Looks like you're off to a decent rolling start.


----------



## BEWoodworks (Jan 28, 2016)

It has been mentioned but I would agree with skipping a smaller bandsaw, since you have a jigsaw. They are limited in their use and you will outgrow it quickly. I have the same jointer. You will like it, with the exception possibly of dust collection. I have done a few reorganizations and have always needed more room for the jointer than I accounted for. Plenty of infeed and outfeed space is required.

Buy tools as you need them for projects you are actually building, not what you think you will need. Will save you $ in the long run. Good luck.


----------



## Evowood (Mar 20, 2016)

Haha, I love all the comments on it not being a small garage. I know it is "adequate" for me right now, but my goal is to build a 16×20 workshop detached from the house so my wife will actually let me use power tools while the kids are sleeping.

Thanks for the input on the bandsaw. It is probably a good idea to not have it right now, as was mentioned. It would just take up space while I don't use it.

I did just notice last night that the jointer does not have a dust collection port. Has anyone added one to it?


----------



## pete724 (Mar 9, 2016)

Router?


----------



## Evowood (Mar 20, 2016)

Haha, yes, I do have a router. PC 1 3/4 HP with no plunge base. I also have a rout r lift that I have yet to install in anything since it was going to go into my old table saw, but now I have a new one.


----------



## ste6168 (Mar 12, 2015)

> Haha, I love all the comments on it not being a small garage.

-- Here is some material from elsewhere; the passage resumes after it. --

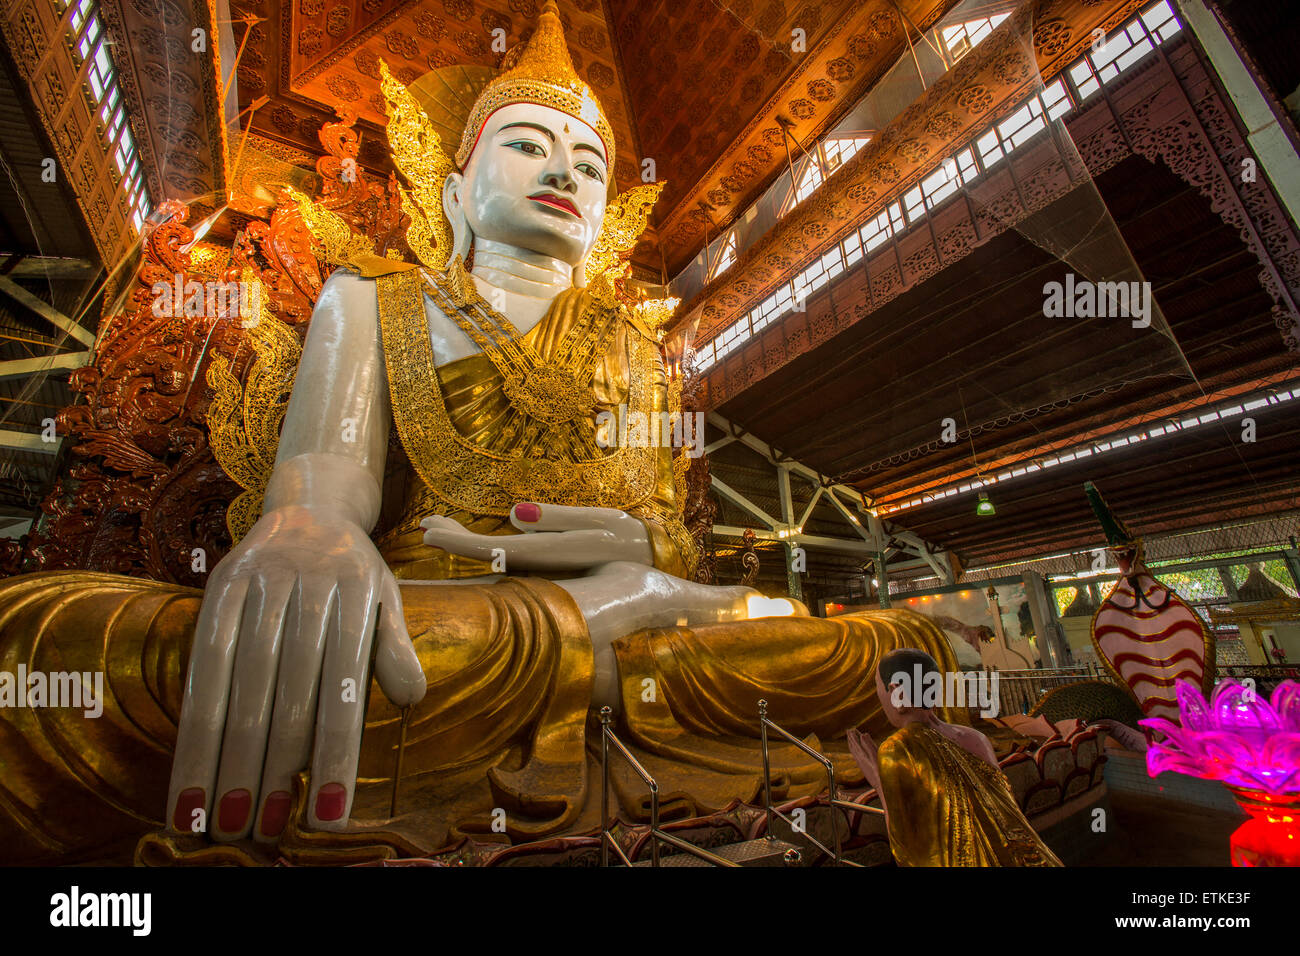 Nga Htat Gyi pagoda with giant seated Buddha in Yangon Myanmar Stock Photo

I know it is "adequate" for me right now, but my goal is to build a 16×20 workshop detached from the house so my wife will actually let me use power tools while the kids are sleeping.
> 
> Thanks for the input on the bandsaw. It is probably a good idea to not have it right now, as was mentioned. It would just take up space while I don t use it.
> 
> ...


What are the dimensions of the current space? Pictures can be deceiving. Looks like you are off to a very good start, machinery and layout wise… Here is a a link to some info on my shop and how it is setup. The picture toward the bottom is the most up-to-date.

http://steinwoodworks.weebly.com/shop-tour.html


----------



## Evowood (Mar 20, 2016)

The dimensions are

8×8 Area + 11×10 Area.

Here are some pictures of the closet that I am building for the DC. Above it will be used as storage for some kind of wood . I will be building the top, and maybe the door today. The door will be flush mount and drywalled. The door will have a wheel on the bottom since I am going to make it out of 2×4. I will probably store my clamps on the door.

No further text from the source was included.